企業法・授業まとめ-第11回-

最高裁判所平成14年2月28日判決
〔判示事項〕
「1 実作業に従事していない仮眠時間と労働基準法上の労働時間
2 ビル管理会社の従業員が従事する泊り勤務の間に設定されている連続7時間ないし9時間の仮眠時間が労働基準法上の労働時間に当たるとされた事例」
〔判決要旨〕
「1 労働者が実作業に従事していない仮眠時間であっても、労働契約上の役務の提供が義務付けられていると評価される場合には、労働からの解放が保障されているとはいえず、労働者は使用者の指揮命令下に置かれているものであって、労働基準法32条の労働時間に当たる。
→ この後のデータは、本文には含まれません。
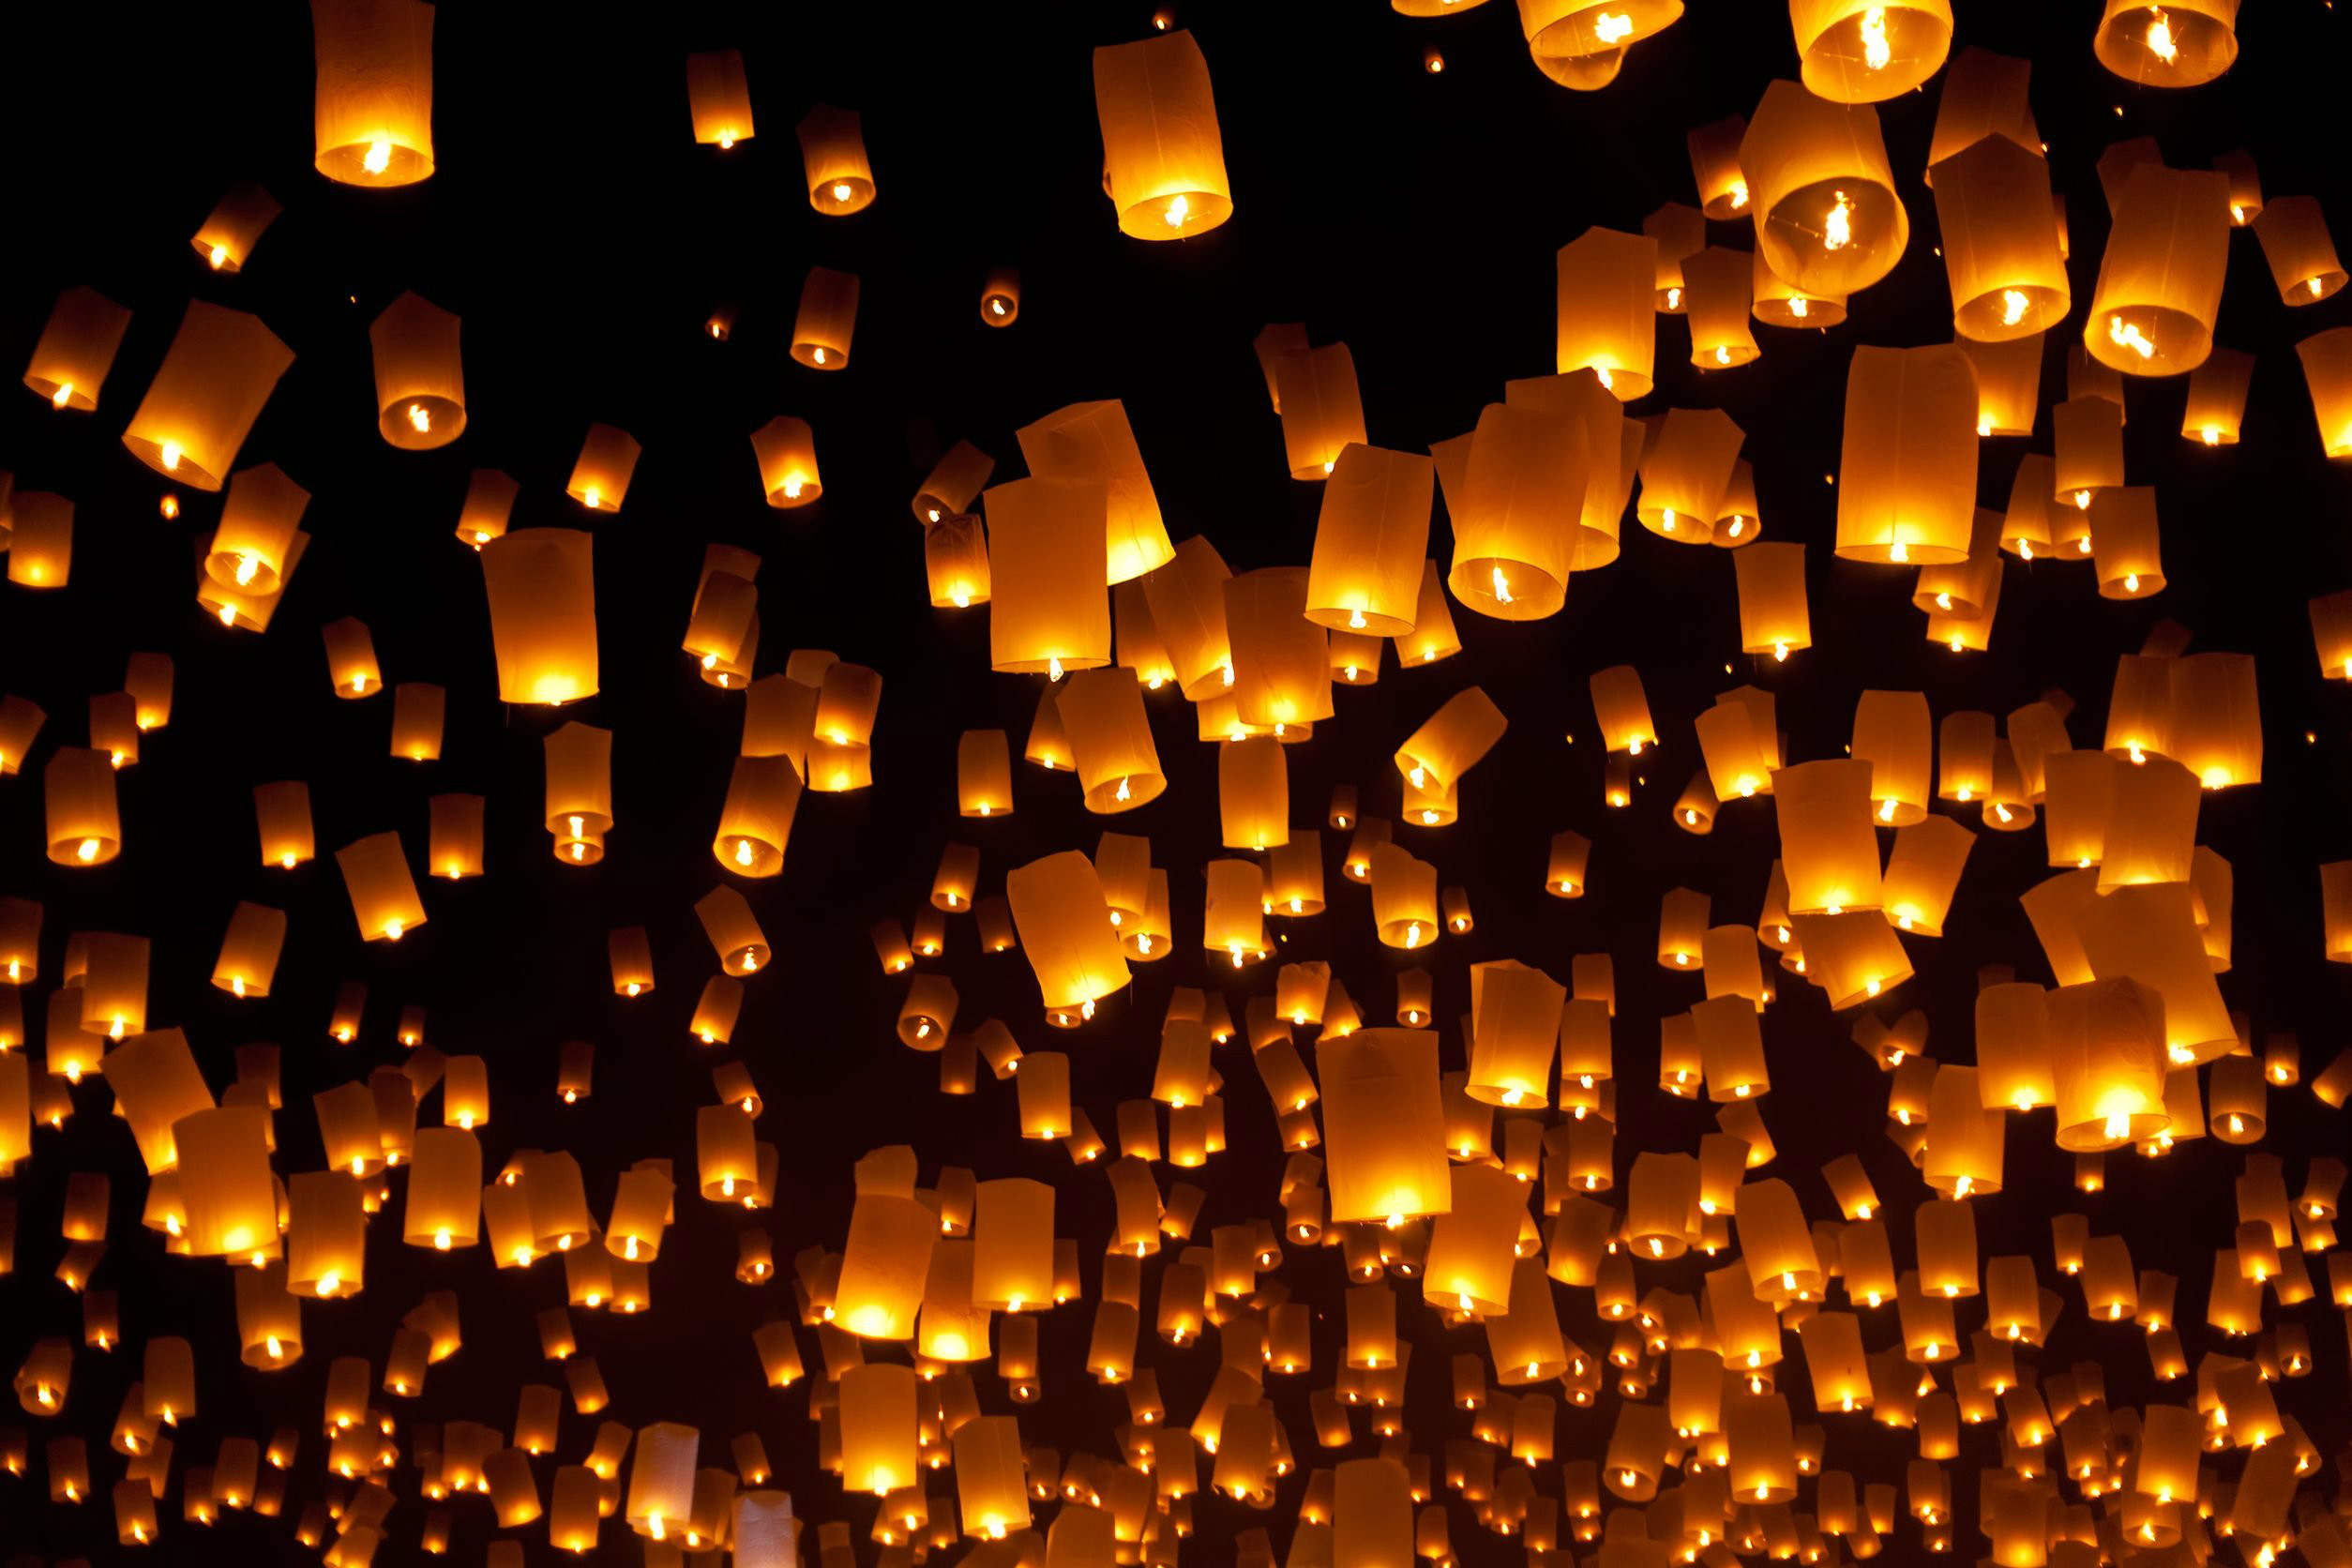 Res: 2508x1672, Sky Lantern festival, Thailand

2 ビル管理会社の従業員が従事する泊り勤務の間に設定されている連続7時間ないし9時間の仮眠時間は、従業員が労働契約に基づき仮眠室における待機と警報や電話等に対して直ちに相当の対応をすることを義務付けられており、そのような対応をすることが皆無に等しいなど実質的に上記義務付けがされていないと認めることができるような事情も存しないなど判示の事実関係の下においては、実作業に従事していない時間も含め全体として従業員が使用者の指揮命令下に置かれているものであり、労働基準法32条の労働時間に当たる。」
〔判決文〕
「不活動仮眠時間であっても労働からの解放が保障されていない場合には労基法上の労働時間に当たるというべきである。そして、当該時間において労働契約上の役務の提供が義務付けられていると評価される場合には、労働からの解放が保障されているとはいえず、労働者は使用者の指揮命令下に置かれているというのが相当である。
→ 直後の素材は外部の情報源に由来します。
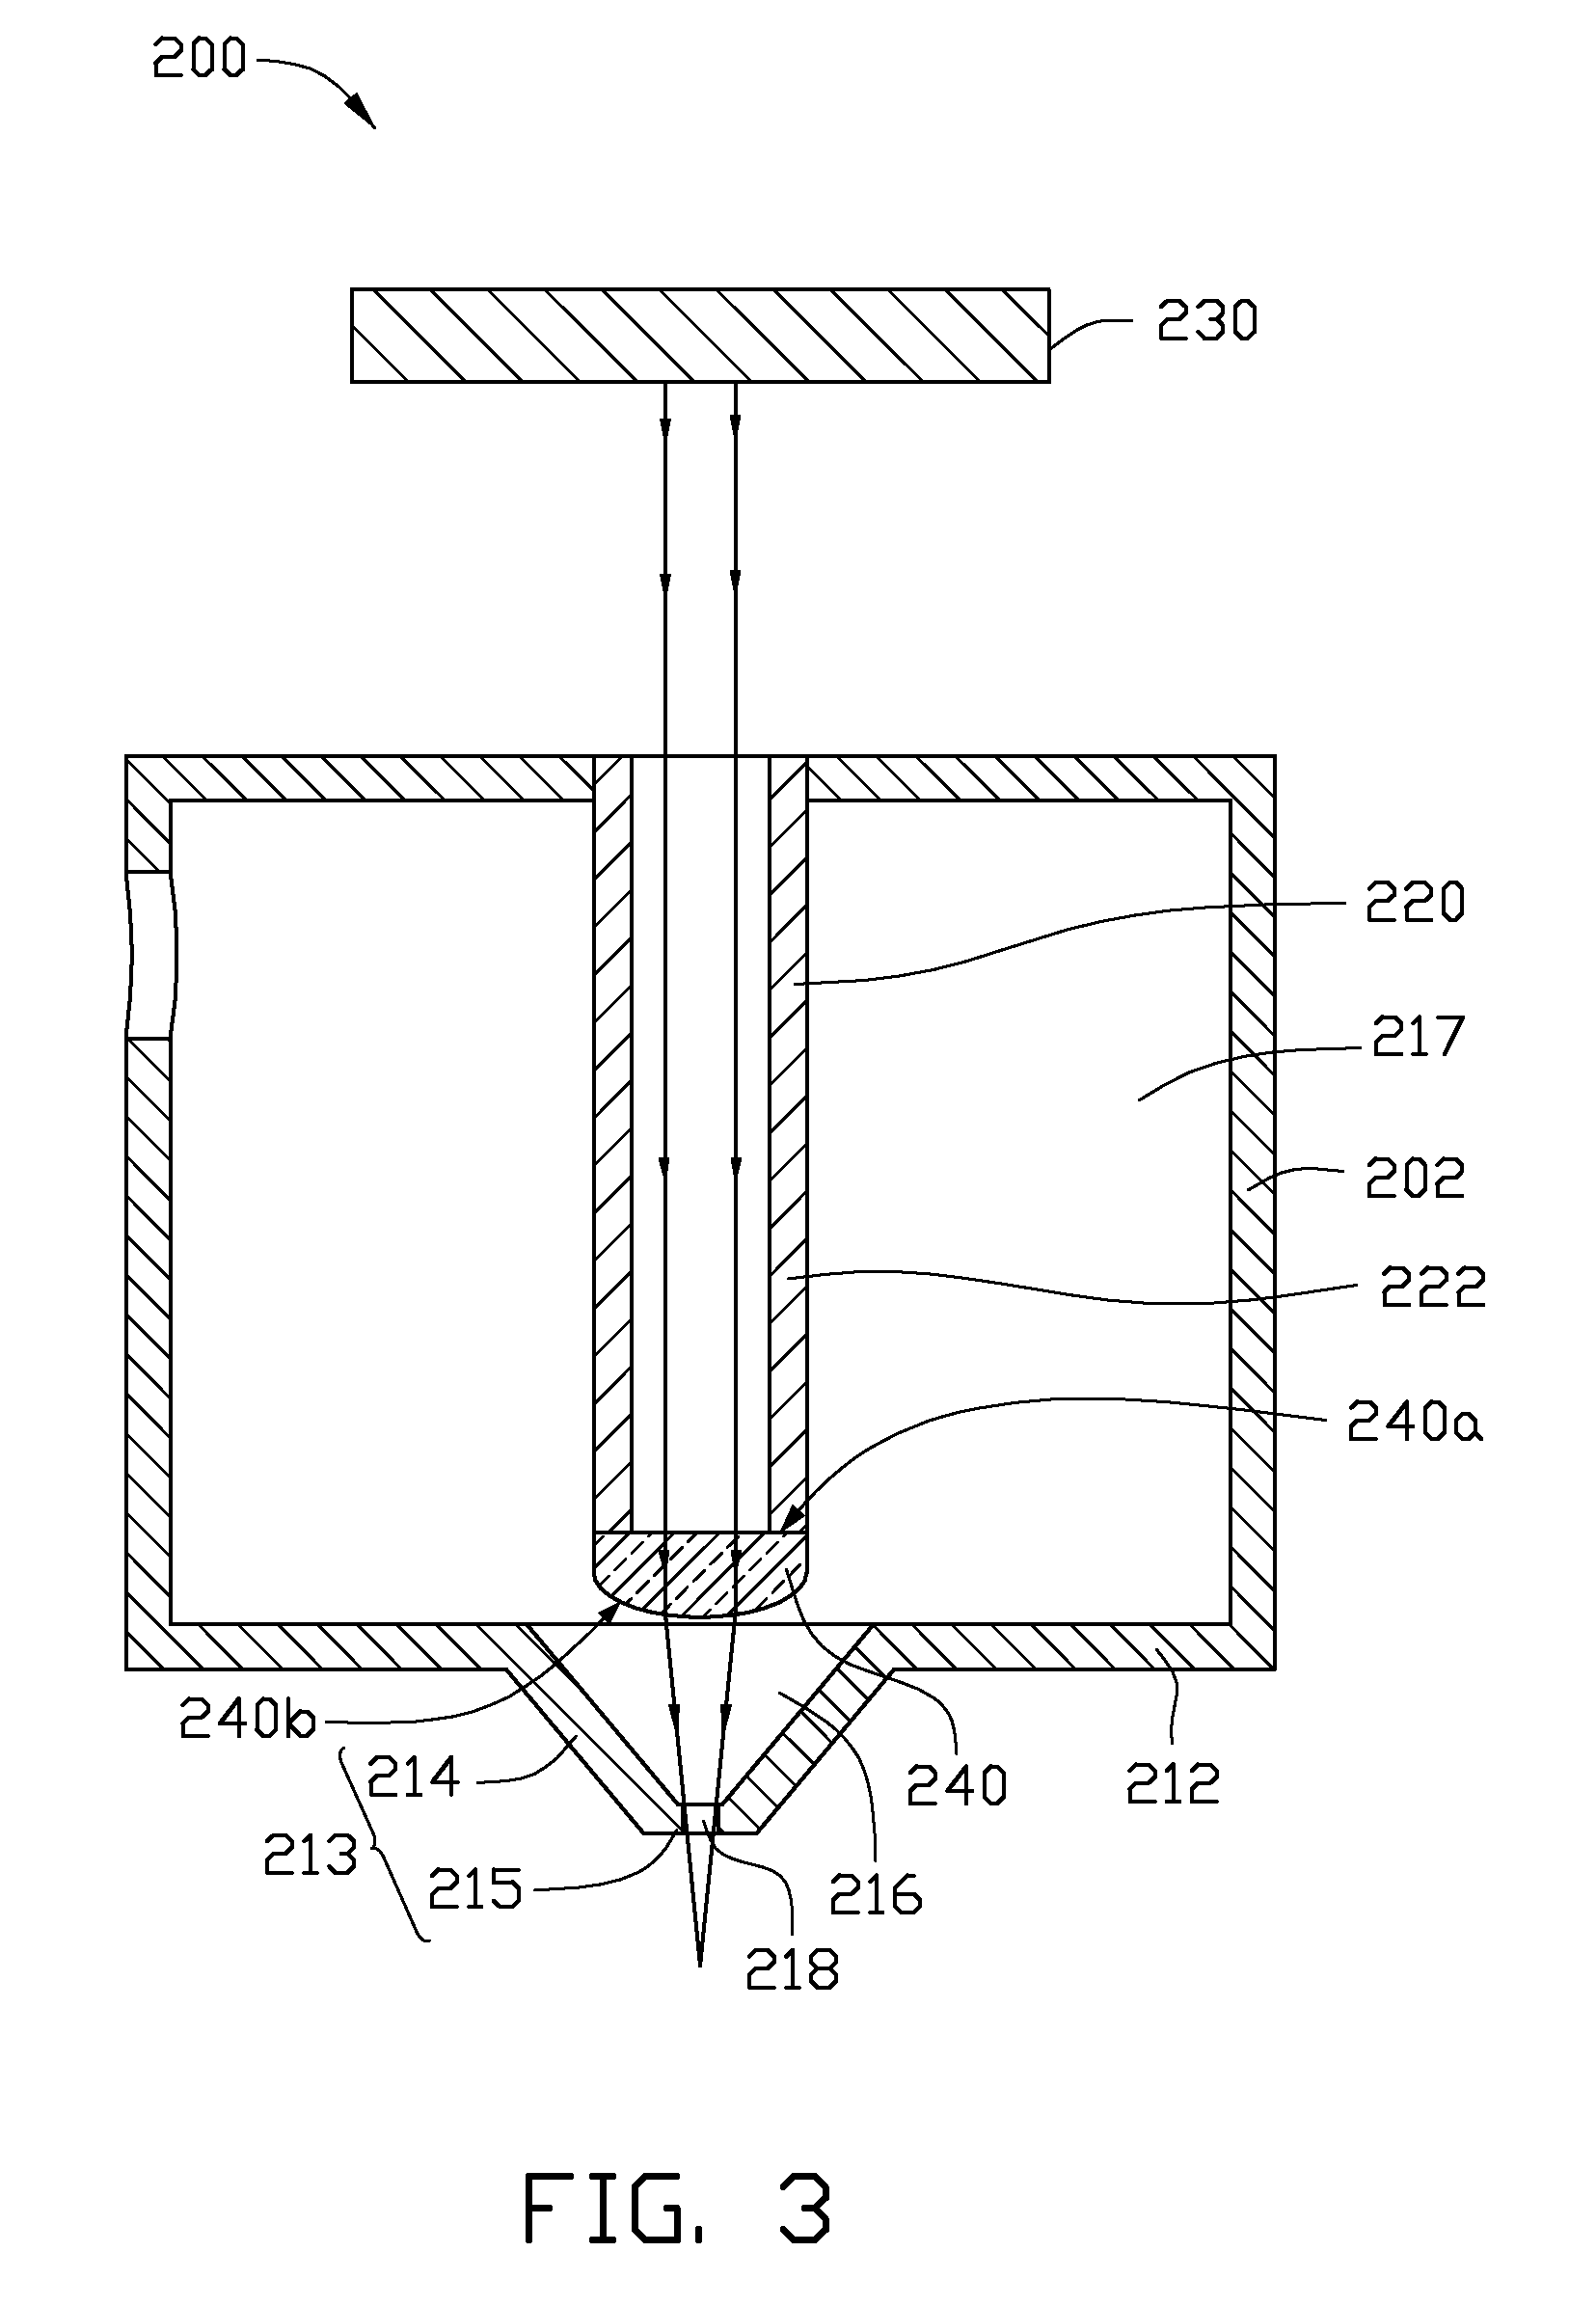 Zl 1705 Ic Starter Wiring Diagram In Addition 208 Volt Motor

そこで、本件仮眠時間についてみるに、前記事実関係によれば、上告人らは、本件仮眠時間中、労働契約に基づく義務として、仮眠室における待機と警報や電話等に対して直ちに相当の対応をすることを義務付けられているのであり、実作業への従事がその必要が生じた場合に限られるとしても、その必要が生じることが皆無に等しいなど実質的に上記のような義務付けがされていないと認めることができるような事情も存しないから、本件仮眠時間は全体として労働からの解放が保障されているとはいえず、労働契約上の役務の提供が義務付けられていると評価することができる。したがって、上告人らは、本件仮眠時間中は不活動仮眠時間も含めて被上告人の指揮命令下に置かれているものであり、本件仮眠時間は労基法上の労働時間に当たるというベきである。」

⇒「該当する」と判断された例。
仮眠中も呼び出される可能性が高い状況に置かれており、
完全に「労働から解放されている」状態ではないから。

東京高等裁判所平成17年7月20日判決
〔判示事項〕
「ビル管理会社に勤務し警備業務に従事する警備員の仮眠時間について、労働基準法上の労働時間に該当しないとされた事例」
〔判決要旨〕
「警備本部ポストと駐車場ポストは、いずれも本件ビル地下1階の警備室内にあり、警備本部ポストにはモニターが設置されて駐車場の様子を確認できる状況であったし、テレビ朝日で駐車場を使用できる者はタレント、放送作家等に限られ、その台数も1日10~15台前後に限られていたから、駐車場ポストは警備本部ポストと兼務し得るものであり、前記勤務表においても、警備本部と駐車場ポストとを兼務するシフトも組まれていた。また、警備本部ポストと駐車場ポストが別個にシフトされていた場合であっても、警備本部ポストの者が駐車場ポストの役割を兼務することが可能であったから、駐車場ポストの者が巡回することができた。さらに、正面玄関は午後10時に施錠されるため、その後の正面ポストの業務量は少ない。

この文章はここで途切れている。